A Rolling Series with Expedited Review
Artificial intelligence in surgery is advancing quickly. The American Surgeon intends to move with the speed of the field.
We announce a rolling series focused on the clinical and educational applications of artificial intelligence in surgery. Manuscripts submitted to this series will receive prompt editorial assessment, prompt peer review, and, if accepted, prioritized electronic publication with accelerated placement in print.
Scope
We seek applied, implementation-focused work that addresses how AI integrates into surgical practice and training.

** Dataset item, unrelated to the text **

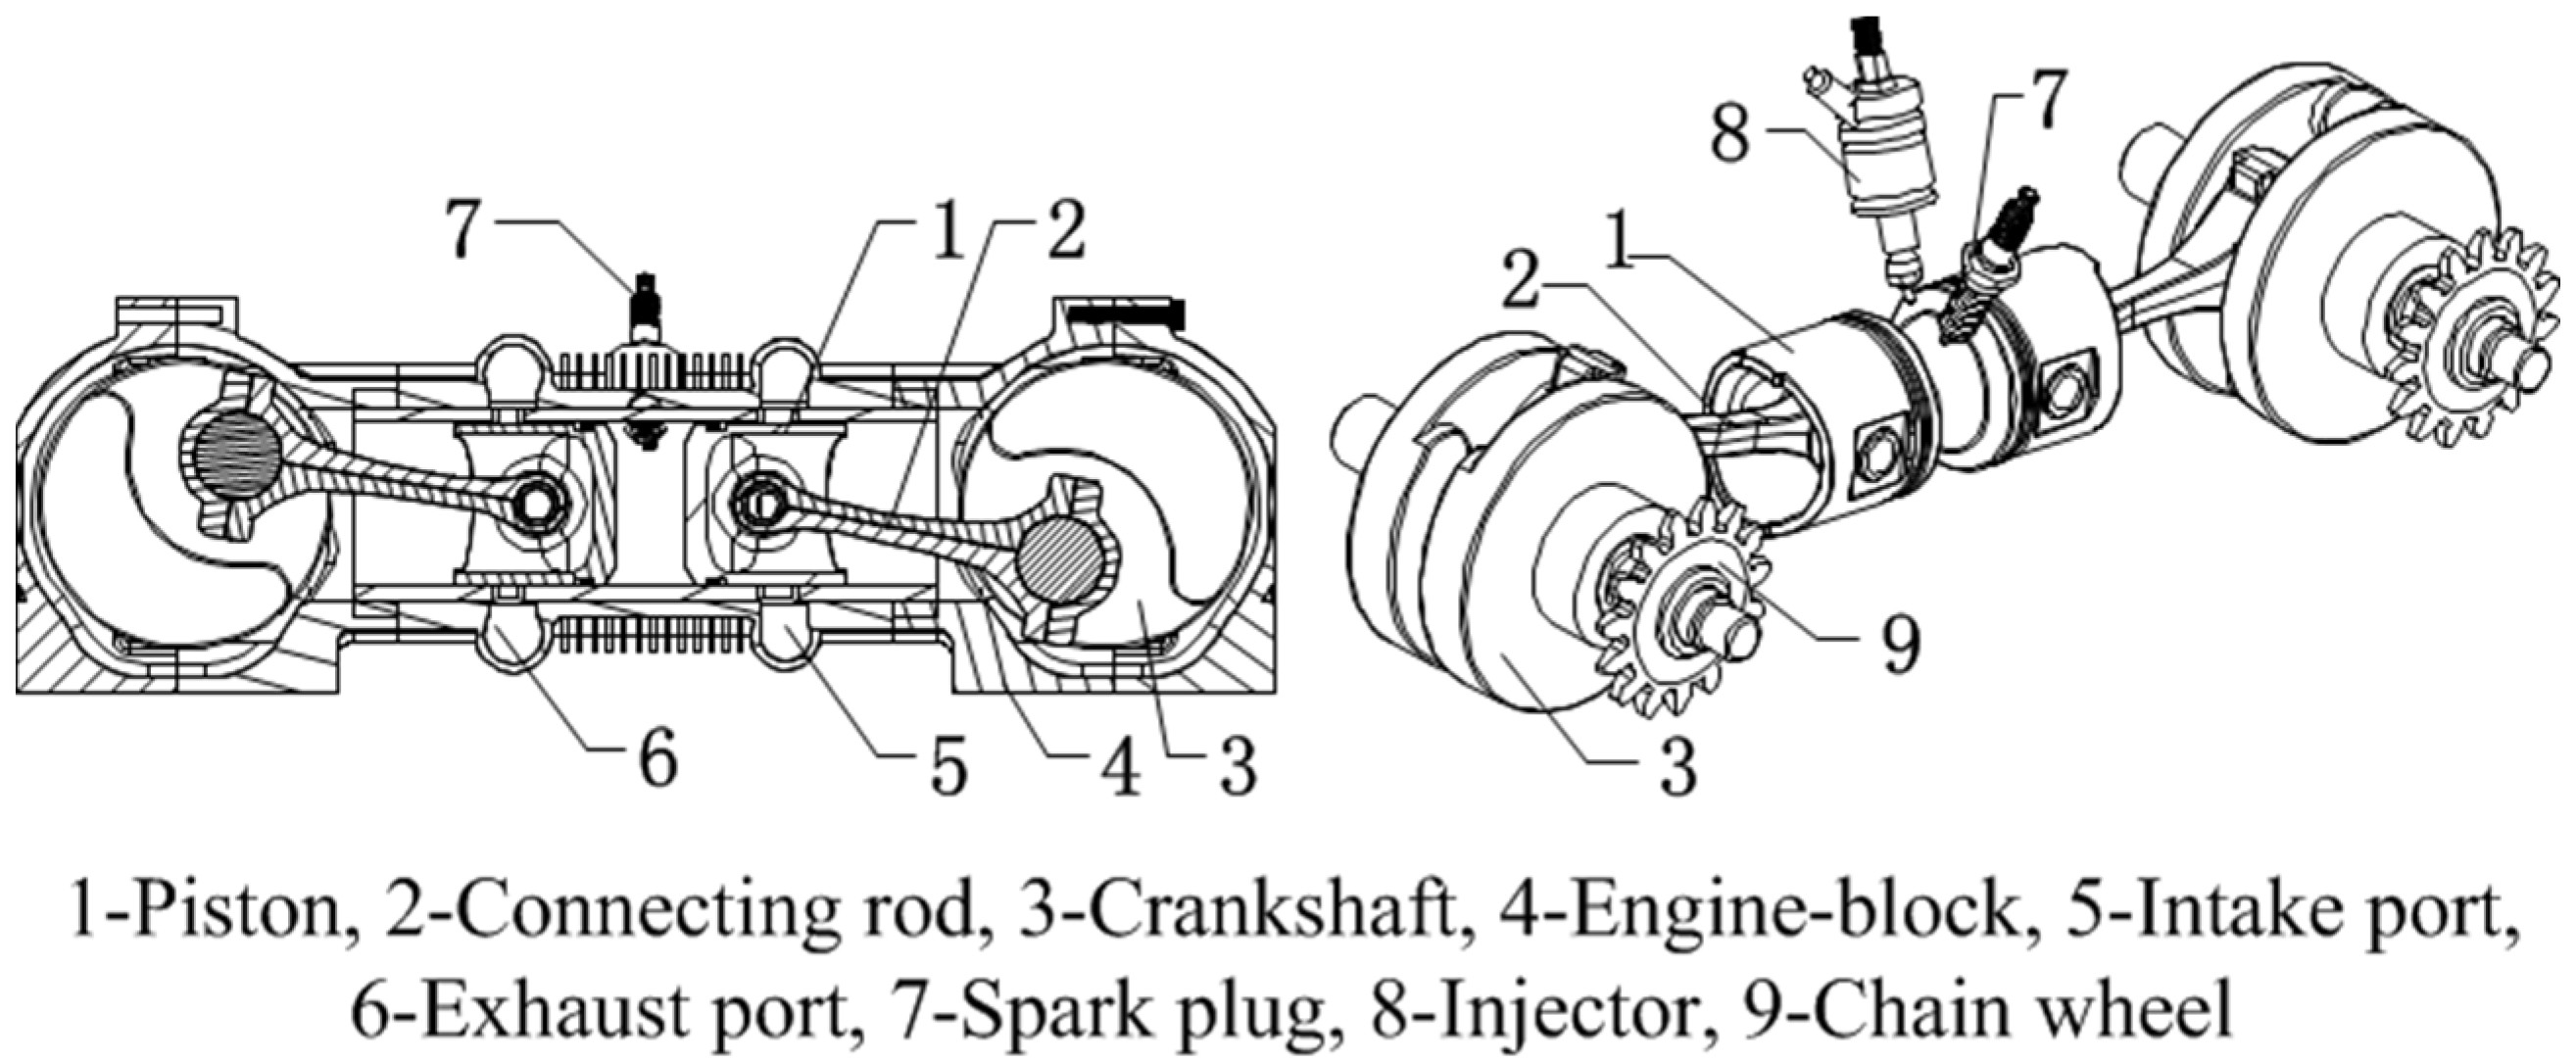 Engine Piston Diagram Energies Free Full Text

Submissions should emphasize measurable outcomes, workflow integration, and professional responsibility.
Clinical Applications
- Perioperative risk prediction and stratification
- AI-assisted imaging interpretation
- Intraoperative decision support
- Robotics and AI integration
- Postoperative complication detection and prevention
- ICU and acute care applications
- Documentation and EHR augmentation
- Quality improvement and workflow optimization
Educational Applications
- AI-assisted simulation
- Automated technical skill assessment
- Personalized learning pathways
- AI-supported cognitive training
- Faculty development in AI literacy
Governance and Professional Responsibility
- Verification frameworks
- Human oversight and accountability
- Bias and data integrity
- Implementation challenges
- Credentialing and policy considerations
What We Are Not Seeking
- Pure algorithm development without clinical context
- Speculative commentary without implementation relevance
- Redundant narrative reviews
All manuscripts will undergo our standard peer review process and must meet the scientific and editorial standards of The American Surgeon.
Authors should indicate in their cover letter that the submission is intended for the AI in Clinical Surgery Series and choose the appropriate article type in the journal submission site.
Artificial intelligence may generate answers instantly. Determining whether those answers are correct — and deciding whether to act — remains the responsibility of the surgeon. This series aims to define how AI is integrated into surgical judgment, education, and patient care.